Learn React Native from the people who build the tools you use every day!
Join one of our battle-tested App.js workshops:
Animations & Interactions: Build fluid, premium-feel UIs that make your app stand out
Performance & Analysis: Move beyond "it feels slow" to data-driven optimization.
Mobile & Web with React Native: Learn what actually make “write once, run everywhere” work.
Expo Modules: Learn the Expo Modules API to build your own native modules with minimal boilerplate.
See you in May? appjs.co/#workshops
Announcements
🎊 React Native 0.84 is Out!
Hermes V1 is now the default engine on both iOS and Android, delivering faster execution and lower memory usage with no migration needed. iOS builds get a major boost with precompiled React Native binaries enabled by default, cutting clean build times significantly.

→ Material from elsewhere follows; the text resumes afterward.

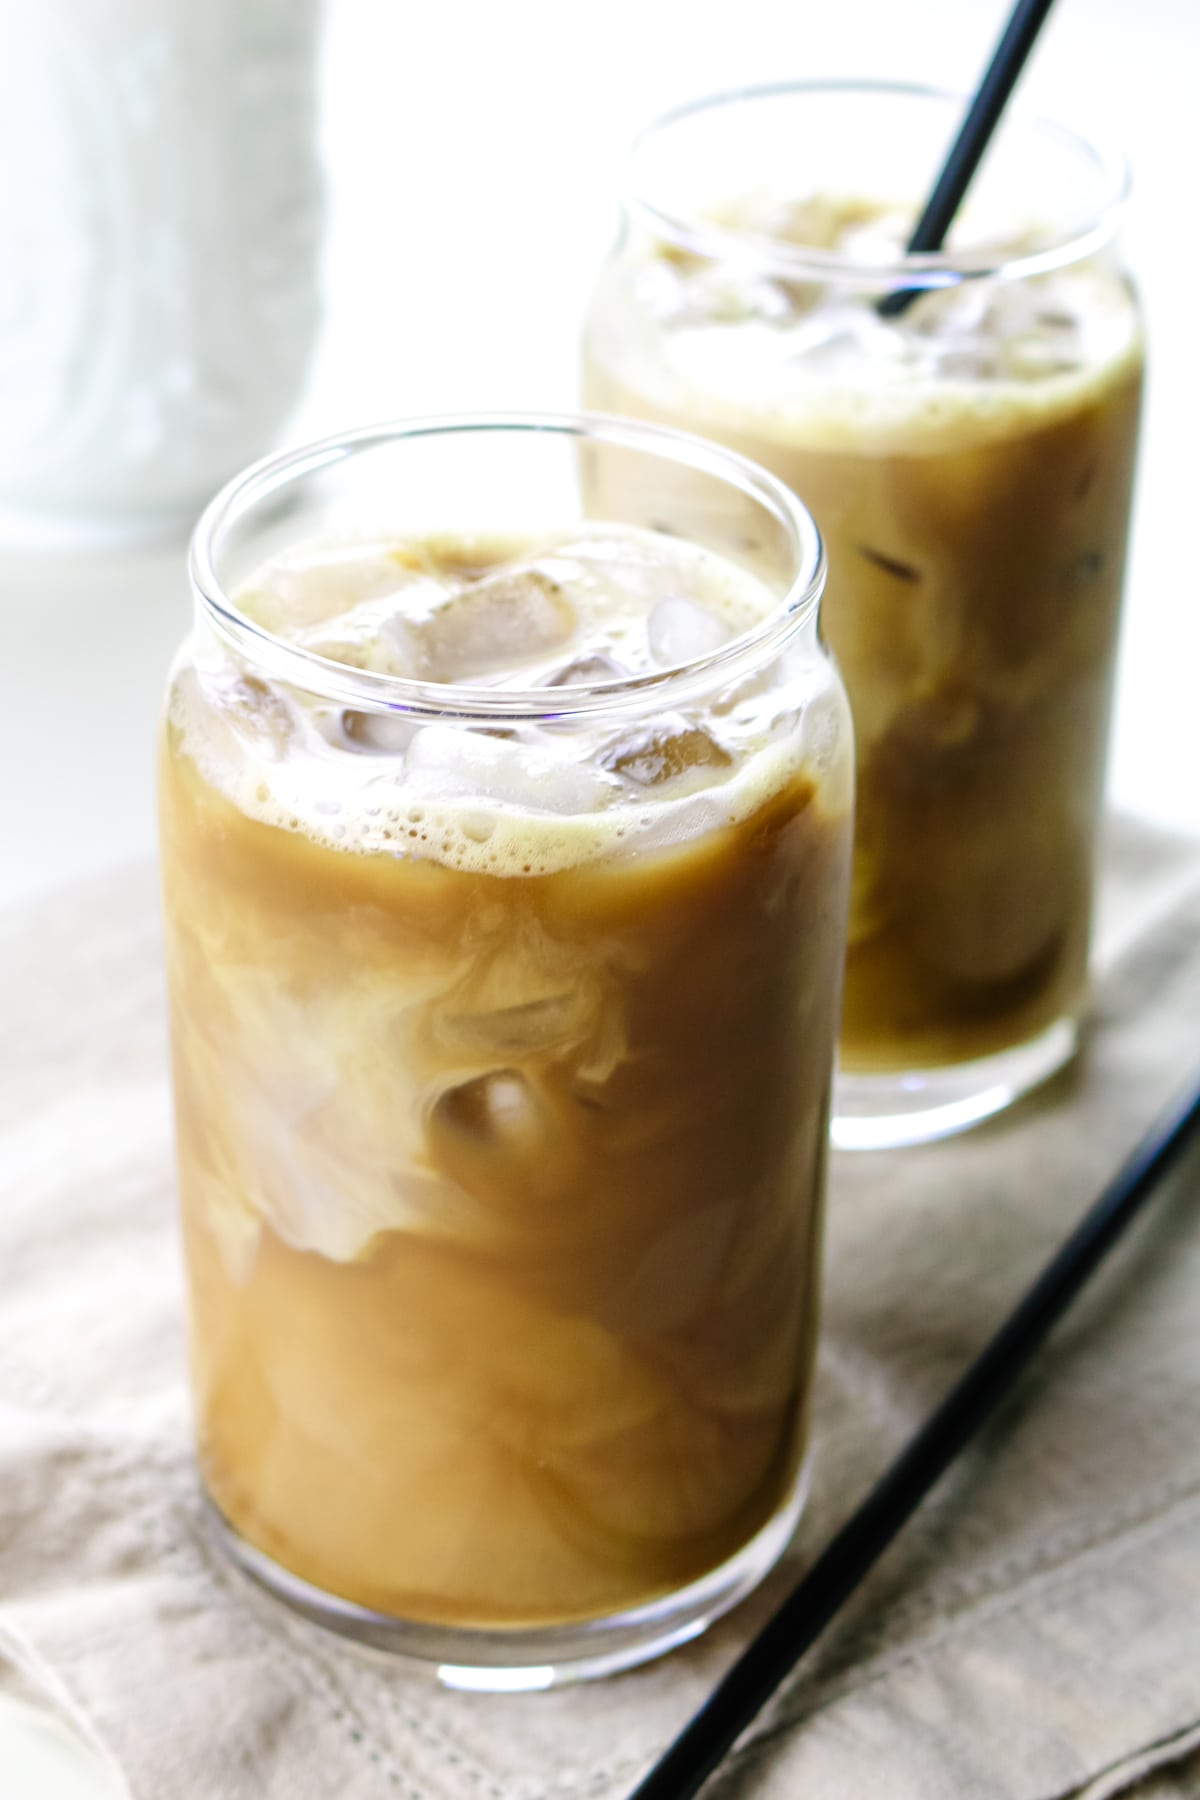 iced coffee with white swirls from milk in a glass on nude linen.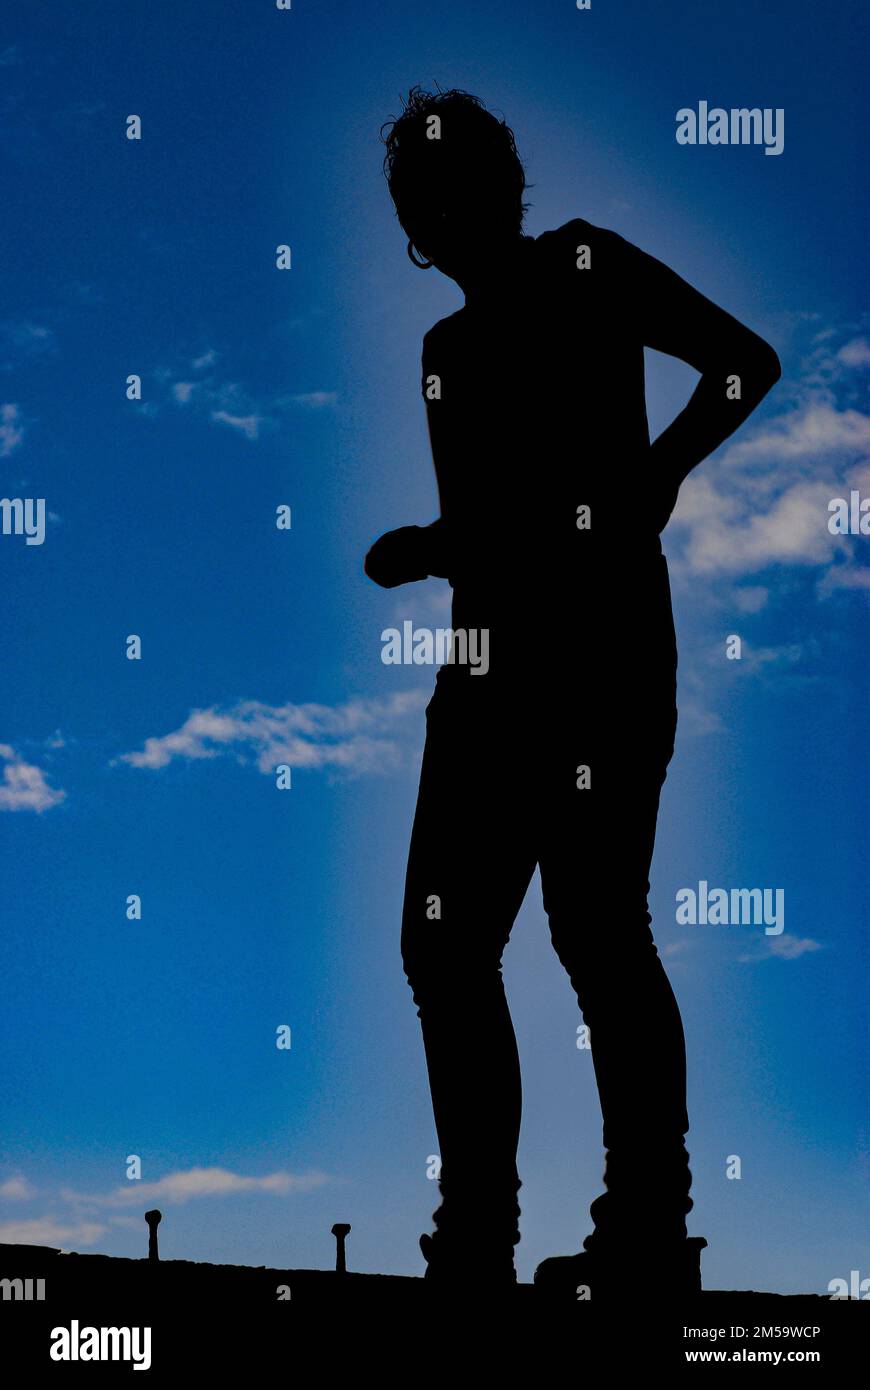 girl silhouetted against blue sky background Stock Photo

This version also continues the cleanup of the Legacy Architecture, raises the minimum Node.js requirement to 22, and ships React 19.2.3 plus modern tooling upgrades like ESLint v9 Flat Config.
🎊 Expo 55 Beta is now Available!
Expo SDK 55 Beta is here, bringing React Native 0.83.1 and React 19.2.0 along with a major set of forward-looking upgrades. This release officially drops support for the Legacy Architecture, introduces a revamped default project template with a new /src structure and native tabs, and adds opt-in support for Hermes v1 for early performance gains. SDK 55 also delivers Hermes bytecode diffing for dramatically smaller OTA updates, expanded AI tooling through Expo skills and MCP integration, and a wave of new native capabilities in Expo Router. With improvements to brownfield integrations, Expo UI, and more platform features across the SDK, Expo 55 is shaping up as a big step toward the next generation of Expo development.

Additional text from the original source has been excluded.